Tuesday, September 20, 2011

Loose or Strict Interpretation?

For my write-up today of The Cambridge History of Judaism, Volume Three: The Early Roman Period, I will discuss an item on pages 195-197, which is in Morton Smith's "The Gentiles in Judaism 125 BCE-CE 66".

Deuteronomy 20:10-17 commands the Israelites to kill the inhabitants of Canaan. According to I Maccabees and Josephus, the Maccabees exterminated some populations in Palestine, drove out others, and permitted some to remain (such as the Idumeans and the Irutraeans) if they adopted Jewish practices. Regarding Deuteronomy 20:10-17, Smith states that the "Hasmoneans could interpret the Law to suit themselves and slaves were worth more than corpses, so enslavement, even of the resistant and of people from the territory biblically assigned to Israel, is indicated not only by Josephus' reports, but also by the fact that the Romans were later able to restore many of the gentile towns to (the descendants of) their former inhabitants..." So, according to Smith, the Hasmoneans interpreted the command to slaughter the inhabitants of Canaan in a manner to suit themselves, for the Hasmoneans preferred to take the Gentile inhabitants as slaves, not to kill them. Smith does not offer details about what the Hasmoneans' interpretation of Deuteronomy 20:10-17 was, but perhaps it viewed the passage solely in reference to Canaanite people-groups, not the Gentiles who inhabited Palestine in the time of the Maccabees. Shaye Cohen referred to rabbinic exegesis that said that the ban on intermarriage between Israelites and Canaanites pertained only to Israelites and Canaanites, not to Israelites marrying Gentiles in general.

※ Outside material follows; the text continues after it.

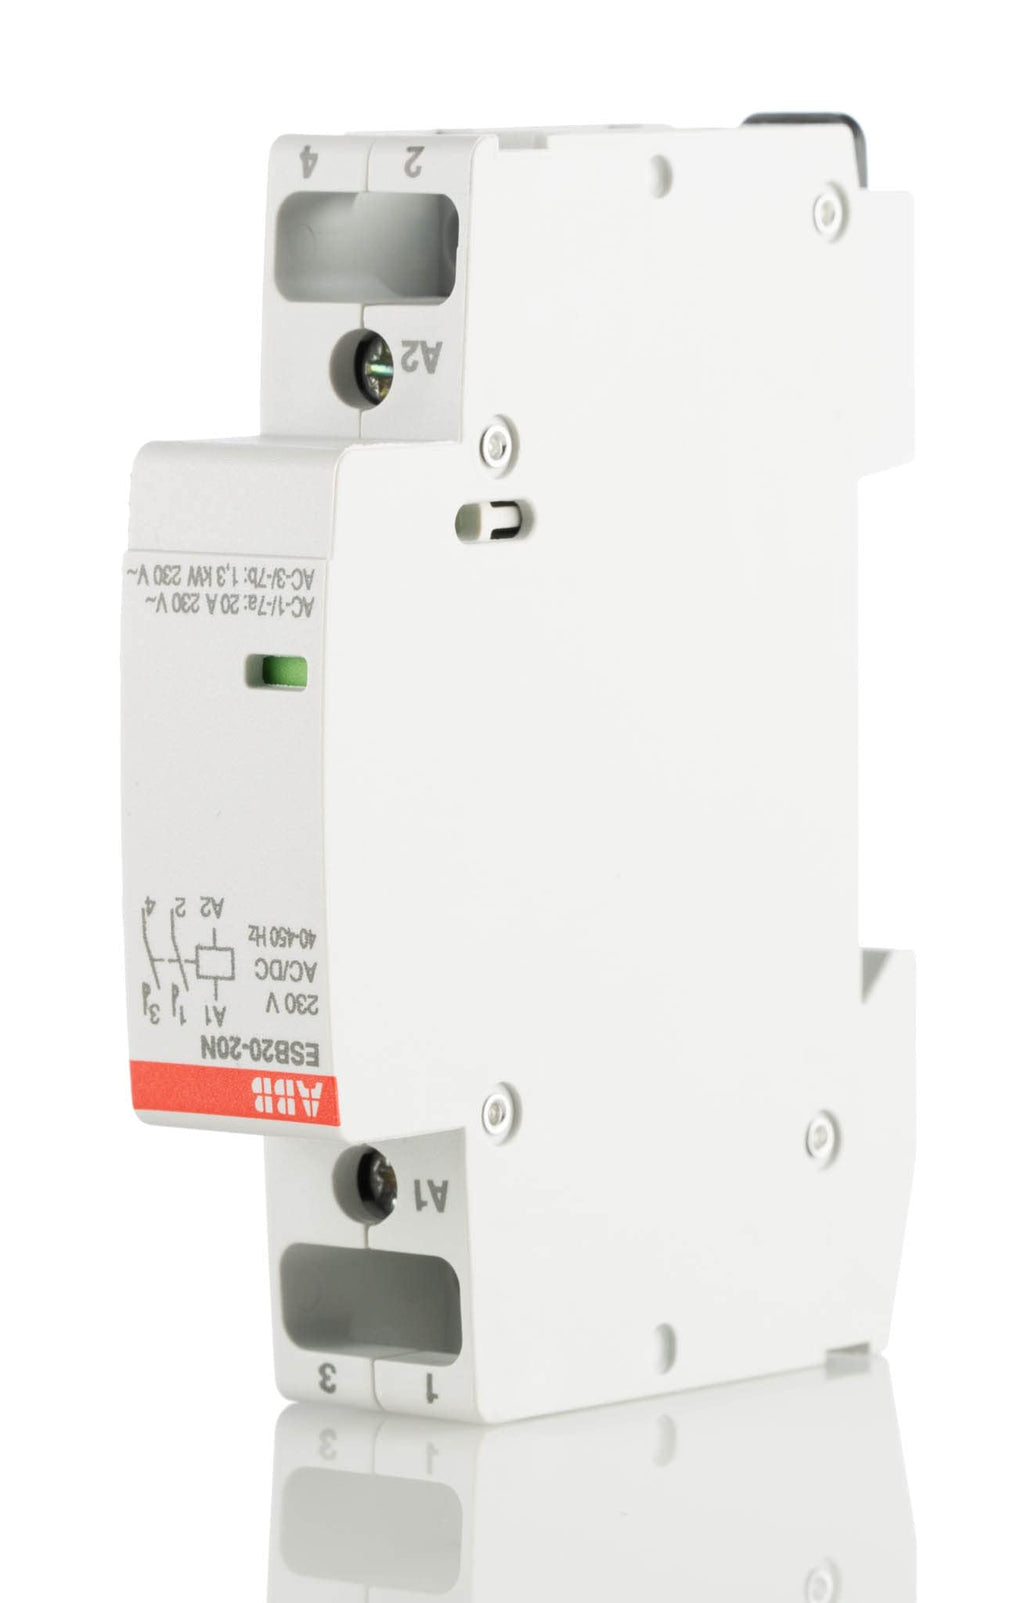  [AUSTRALIA] - ABB ESB20-20N-06 ESB power contactor / 230 V ac coil, 2-pole 2 NO contacts / 20 A, safety

The Hasmoneans also used Gentiles as mercenaries, even to put down Jewish opponents. Smith states: "Josephus' report that Hyrcanus introduced mercenaries follows almost immediately his report of the refusal to accept a Seleucid garrison in Jerusalem 'because (the Jews' principle of) keeping themselves apart did not permit them to associate with aliens', Ant. XIII.247, cf. 249. Mercenaries hired by rulers of small states were commonly stationed in the capital, and Hyrcanus' subsequent success in putting down his Jewish opponents suggests that his mercenaries were at hand in Jerusalem. However, as High Priest, he could interpret the law to suit the occasion. The need often to do so may have decided him to leave the tradition-bound Pharisees and go over to the Sadducees who reportedly held that nothing was binding save the letter of the text."

Smith does not detail what law was being violated, but he may be deducing a law against Jewish association with aliens from Josephus' statement that the Jews could not do so (and I'm sure that there's more to the issue of Jewish interaction with Gentiles than this). And yet, Gentiles were allowed to be in Jerusalem to serve as mercenaries. According to Smith, the Hasmonean High Priest went over to the Sadducees because interpreting the law primarily in reference to the text allowed for a degree of freedom. It's like the view of some rabbis that intermarriage was only prohibited between Israelites and Canaanites: if you stick solely with the text, then only what the text explicitly prohibits is what is banned. In that case, one can nitpick the text such that he can create more freedom for himself.